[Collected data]
.....

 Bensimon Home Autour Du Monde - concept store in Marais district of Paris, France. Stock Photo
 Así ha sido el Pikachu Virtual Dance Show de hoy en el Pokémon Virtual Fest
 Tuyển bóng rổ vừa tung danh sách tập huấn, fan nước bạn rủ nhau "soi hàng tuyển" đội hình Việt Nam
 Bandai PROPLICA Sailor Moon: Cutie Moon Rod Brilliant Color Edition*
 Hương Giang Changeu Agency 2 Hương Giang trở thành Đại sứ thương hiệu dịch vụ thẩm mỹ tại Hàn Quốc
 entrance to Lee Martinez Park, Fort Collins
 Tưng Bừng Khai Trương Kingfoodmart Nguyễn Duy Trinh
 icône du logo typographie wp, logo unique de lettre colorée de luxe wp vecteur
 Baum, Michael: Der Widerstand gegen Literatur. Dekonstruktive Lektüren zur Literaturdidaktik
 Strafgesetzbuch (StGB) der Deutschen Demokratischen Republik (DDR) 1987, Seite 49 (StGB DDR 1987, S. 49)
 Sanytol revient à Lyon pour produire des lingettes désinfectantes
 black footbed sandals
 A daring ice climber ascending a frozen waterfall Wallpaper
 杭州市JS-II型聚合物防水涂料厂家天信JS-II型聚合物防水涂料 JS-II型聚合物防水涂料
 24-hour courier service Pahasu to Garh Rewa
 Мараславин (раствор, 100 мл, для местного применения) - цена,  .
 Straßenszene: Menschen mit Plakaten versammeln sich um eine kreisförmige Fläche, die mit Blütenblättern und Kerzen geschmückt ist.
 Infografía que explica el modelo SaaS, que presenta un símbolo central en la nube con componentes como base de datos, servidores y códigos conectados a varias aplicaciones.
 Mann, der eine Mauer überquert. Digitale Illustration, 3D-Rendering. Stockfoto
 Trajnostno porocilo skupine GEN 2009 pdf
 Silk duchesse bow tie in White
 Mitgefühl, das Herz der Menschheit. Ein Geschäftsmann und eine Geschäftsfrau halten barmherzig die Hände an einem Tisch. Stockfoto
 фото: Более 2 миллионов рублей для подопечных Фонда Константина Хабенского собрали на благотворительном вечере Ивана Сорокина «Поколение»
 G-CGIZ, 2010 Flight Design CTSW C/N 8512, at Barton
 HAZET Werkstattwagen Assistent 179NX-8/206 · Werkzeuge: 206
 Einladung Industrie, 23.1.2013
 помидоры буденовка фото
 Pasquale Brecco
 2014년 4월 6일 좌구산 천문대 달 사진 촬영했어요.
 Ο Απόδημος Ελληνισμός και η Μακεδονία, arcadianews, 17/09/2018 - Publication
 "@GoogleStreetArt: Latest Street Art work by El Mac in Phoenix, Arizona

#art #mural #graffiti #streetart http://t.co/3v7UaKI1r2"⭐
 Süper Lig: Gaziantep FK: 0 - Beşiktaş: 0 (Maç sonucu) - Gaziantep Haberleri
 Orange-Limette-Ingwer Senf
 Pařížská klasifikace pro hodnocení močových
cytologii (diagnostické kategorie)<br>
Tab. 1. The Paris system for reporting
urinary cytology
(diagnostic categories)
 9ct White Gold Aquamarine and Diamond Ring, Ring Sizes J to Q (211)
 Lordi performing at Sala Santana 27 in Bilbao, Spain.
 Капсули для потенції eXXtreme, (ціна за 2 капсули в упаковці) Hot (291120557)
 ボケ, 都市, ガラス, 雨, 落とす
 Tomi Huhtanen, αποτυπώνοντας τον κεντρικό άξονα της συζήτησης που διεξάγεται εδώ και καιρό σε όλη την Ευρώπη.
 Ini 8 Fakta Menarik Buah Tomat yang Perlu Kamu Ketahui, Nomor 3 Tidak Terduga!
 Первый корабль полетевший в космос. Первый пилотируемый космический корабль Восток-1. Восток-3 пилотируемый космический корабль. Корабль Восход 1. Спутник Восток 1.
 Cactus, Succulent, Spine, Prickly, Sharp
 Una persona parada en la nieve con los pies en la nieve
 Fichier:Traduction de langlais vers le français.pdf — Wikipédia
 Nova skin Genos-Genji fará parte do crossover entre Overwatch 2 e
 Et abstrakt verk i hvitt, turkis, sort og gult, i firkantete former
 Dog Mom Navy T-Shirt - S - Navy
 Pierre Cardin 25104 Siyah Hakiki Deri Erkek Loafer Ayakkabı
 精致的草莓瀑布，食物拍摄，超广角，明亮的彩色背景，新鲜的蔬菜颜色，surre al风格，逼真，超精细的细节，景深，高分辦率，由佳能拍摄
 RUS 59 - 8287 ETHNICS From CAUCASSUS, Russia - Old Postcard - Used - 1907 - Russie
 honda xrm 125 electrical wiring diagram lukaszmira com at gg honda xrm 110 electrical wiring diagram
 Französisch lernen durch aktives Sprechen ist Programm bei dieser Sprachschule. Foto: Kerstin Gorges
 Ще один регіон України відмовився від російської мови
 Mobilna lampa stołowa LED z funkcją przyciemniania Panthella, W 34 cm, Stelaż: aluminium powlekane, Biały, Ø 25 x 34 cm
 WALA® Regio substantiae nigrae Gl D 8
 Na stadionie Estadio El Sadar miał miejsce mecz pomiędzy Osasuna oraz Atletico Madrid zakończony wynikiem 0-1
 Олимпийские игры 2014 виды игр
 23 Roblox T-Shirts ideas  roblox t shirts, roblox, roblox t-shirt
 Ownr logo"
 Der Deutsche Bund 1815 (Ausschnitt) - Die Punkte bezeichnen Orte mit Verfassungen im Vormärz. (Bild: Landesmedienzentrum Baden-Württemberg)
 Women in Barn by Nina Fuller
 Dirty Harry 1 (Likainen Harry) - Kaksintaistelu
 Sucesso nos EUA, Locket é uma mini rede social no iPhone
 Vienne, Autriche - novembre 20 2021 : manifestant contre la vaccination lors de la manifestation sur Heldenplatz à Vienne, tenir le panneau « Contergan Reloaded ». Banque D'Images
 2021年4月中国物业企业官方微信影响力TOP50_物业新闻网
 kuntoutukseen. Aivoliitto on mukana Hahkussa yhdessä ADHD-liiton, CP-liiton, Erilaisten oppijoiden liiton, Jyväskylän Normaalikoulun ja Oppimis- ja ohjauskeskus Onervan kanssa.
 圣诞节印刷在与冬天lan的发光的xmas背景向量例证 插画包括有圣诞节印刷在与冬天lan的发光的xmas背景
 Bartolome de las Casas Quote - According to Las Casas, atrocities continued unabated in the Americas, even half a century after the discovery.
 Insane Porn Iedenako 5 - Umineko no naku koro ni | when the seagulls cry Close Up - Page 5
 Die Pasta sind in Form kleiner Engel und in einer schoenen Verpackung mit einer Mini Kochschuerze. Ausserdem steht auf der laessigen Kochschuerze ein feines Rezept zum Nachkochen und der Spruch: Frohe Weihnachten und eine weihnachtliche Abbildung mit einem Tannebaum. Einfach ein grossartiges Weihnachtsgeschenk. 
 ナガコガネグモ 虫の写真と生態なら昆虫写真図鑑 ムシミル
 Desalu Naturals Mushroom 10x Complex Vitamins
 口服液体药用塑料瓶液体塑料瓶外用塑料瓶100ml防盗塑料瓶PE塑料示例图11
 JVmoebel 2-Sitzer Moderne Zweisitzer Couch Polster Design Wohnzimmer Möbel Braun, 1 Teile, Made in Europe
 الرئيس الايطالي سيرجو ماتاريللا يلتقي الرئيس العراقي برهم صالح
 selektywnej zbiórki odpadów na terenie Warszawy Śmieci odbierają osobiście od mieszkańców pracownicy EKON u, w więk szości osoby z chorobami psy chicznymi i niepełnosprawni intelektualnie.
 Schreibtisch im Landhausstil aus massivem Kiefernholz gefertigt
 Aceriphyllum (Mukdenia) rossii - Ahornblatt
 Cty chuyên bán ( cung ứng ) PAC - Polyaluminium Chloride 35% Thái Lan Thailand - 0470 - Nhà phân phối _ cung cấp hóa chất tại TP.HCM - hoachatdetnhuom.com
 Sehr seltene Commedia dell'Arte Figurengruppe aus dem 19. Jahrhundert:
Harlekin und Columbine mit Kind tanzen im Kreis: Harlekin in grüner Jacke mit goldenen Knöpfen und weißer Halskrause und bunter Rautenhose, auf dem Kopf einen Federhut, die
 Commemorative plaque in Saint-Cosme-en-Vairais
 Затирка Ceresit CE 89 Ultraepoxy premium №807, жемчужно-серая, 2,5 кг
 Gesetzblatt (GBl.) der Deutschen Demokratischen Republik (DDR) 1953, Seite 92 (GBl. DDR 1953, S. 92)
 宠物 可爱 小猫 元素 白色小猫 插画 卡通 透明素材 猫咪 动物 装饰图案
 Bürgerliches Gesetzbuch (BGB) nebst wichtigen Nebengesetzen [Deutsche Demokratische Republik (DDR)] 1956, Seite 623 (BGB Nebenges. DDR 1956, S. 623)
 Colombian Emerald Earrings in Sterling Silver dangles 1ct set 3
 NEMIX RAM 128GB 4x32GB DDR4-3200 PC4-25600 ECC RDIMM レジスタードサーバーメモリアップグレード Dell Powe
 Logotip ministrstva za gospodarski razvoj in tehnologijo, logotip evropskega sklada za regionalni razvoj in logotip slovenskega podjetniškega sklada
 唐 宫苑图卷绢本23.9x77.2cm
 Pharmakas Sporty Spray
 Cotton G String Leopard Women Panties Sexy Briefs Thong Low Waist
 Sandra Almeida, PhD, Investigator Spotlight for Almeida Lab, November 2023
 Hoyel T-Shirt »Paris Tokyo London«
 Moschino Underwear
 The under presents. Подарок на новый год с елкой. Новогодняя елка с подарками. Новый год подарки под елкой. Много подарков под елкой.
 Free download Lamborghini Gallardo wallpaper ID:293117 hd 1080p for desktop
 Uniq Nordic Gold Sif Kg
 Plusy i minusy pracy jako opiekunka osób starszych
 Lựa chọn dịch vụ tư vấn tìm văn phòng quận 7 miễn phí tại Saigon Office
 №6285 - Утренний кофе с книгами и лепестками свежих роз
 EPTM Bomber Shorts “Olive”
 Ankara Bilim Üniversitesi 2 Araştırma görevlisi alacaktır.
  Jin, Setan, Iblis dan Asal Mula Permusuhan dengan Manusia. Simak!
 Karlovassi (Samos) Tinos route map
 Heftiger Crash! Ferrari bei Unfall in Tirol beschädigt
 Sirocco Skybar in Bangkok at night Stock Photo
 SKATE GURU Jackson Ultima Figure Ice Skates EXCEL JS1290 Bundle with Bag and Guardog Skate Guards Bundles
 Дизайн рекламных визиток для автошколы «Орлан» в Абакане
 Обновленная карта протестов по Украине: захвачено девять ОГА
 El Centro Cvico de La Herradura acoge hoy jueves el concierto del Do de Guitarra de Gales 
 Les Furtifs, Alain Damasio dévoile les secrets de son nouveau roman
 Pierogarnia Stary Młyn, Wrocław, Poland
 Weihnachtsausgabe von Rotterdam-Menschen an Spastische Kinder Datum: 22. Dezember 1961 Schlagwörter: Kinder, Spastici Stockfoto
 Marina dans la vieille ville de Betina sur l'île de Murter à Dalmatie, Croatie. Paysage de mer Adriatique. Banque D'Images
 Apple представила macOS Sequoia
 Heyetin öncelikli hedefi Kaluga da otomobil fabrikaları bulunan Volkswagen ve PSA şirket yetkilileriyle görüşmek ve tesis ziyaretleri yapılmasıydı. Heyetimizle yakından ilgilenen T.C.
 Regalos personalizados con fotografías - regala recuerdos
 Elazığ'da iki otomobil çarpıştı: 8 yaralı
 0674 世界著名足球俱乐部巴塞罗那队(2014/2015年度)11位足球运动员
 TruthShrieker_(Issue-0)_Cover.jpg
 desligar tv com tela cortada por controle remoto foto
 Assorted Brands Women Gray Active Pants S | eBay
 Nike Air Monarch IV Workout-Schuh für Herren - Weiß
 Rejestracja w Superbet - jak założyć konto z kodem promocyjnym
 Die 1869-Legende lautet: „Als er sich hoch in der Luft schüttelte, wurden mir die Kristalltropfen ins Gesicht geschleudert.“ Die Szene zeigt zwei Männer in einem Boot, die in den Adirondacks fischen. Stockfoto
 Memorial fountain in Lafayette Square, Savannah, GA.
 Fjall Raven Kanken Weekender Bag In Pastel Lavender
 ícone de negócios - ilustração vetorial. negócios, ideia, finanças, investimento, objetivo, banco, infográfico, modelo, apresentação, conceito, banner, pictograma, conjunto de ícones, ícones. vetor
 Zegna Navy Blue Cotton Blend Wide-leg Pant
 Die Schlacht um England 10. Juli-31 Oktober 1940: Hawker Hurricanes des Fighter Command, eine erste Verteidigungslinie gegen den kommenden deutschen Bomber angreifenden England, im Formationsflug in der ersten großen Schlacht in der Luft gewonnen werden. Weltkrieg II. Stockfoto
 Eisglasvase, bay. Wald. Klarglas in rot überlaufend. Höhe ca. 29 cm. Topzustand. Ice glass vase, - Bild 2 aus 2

.....

**Work instructions:** For the records above, state the count of lines where "otomobil" appears, without any other text.

**Output of the task:** 2